As I sit here contemplating my last week of summer vacation, I am sad that many of you will not be able to complete the mandatory FIVE blogs in the one per week format requirement. I am further distressed that some of you may be contemplating dropping the course consequently. I DO NOT WANT YOU TO DROP THIS COURSE!! Here is what I am willing to do for all of those that may fall in this category or partially in this category:
Complete all 5 blogs in numerical order before middnight on Sunday, August 28th.
Any blogs after the first one you post during a one week period, however, will only count for 5 of 10 points.
So, since you have 4 weeks left (Sunday-Saturday and the final Sunday) including the current week, you can do 1 blog per week for 10 points and any others for 5 points.
If you do this on schedule starting before midnight on Saturday, August 13th, you can still earn a 80%! Good luck; get started; and be consistent!
Please do the blog posts in order! (Start with week 1 and move through them in numerical order.)
Wow! This is the last blog for the summer. Our vacation is flying by quickly. There are so many other topics that we will be exploring this next school year that I was in a conundrum about which topic to pursue.
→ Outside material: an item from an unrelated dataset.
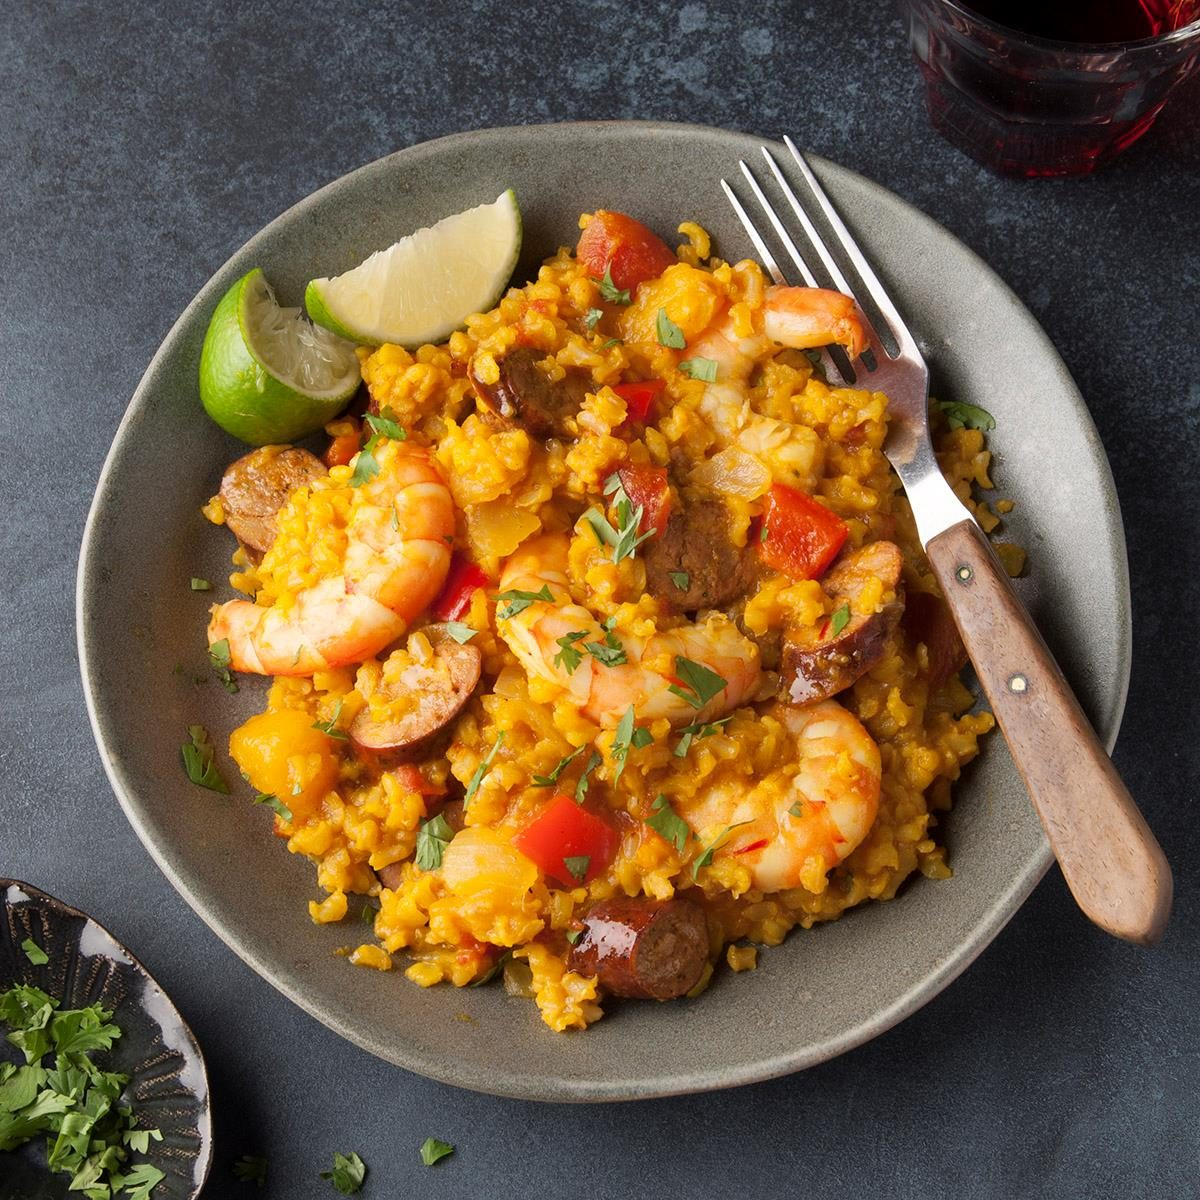 50 Delicious Dutch Oven Recipes

One of the most hotly debated topics is NC's newly passed Voter I.D. law. So, let's tackle it! Republican legislatures all across the nation have enacted new laws that require voters to show a picture i.d. These laws, they argue, will prevent fraud and maintain the integrity of our electoral system. Democrats, however, are calling "FOUL!" They have, of course, turned to the government's referee, also known as the court system. Democrats liken these laws to poll taxes that disenfranchise the poor, the urban population, and disproportionately minorities (all that tend to vote blue.) North Carolina is still arguing over this issue, as this case has no been appealed to the US Circuit Court of Appeals in Richmond. Our people are taking sides. So, here is what I would like you to do this week:
2. Which side do you most agree with: the Democrats or the Republican? Explain why.
3. What else could be done to make this law more fair, if anything? Is this law even necessary? Explain!
4. Finally, after reading the article, tell me who you think will win this lawsuit on appeal & why.
Remember, you may not post more than one comment per week (Sunday-Saturday). A 2-point bonus will be awarded to those students that post all five comments before July 31. This post will be available for comments until 11:59 p.m. on Sunday, August 28, 2016.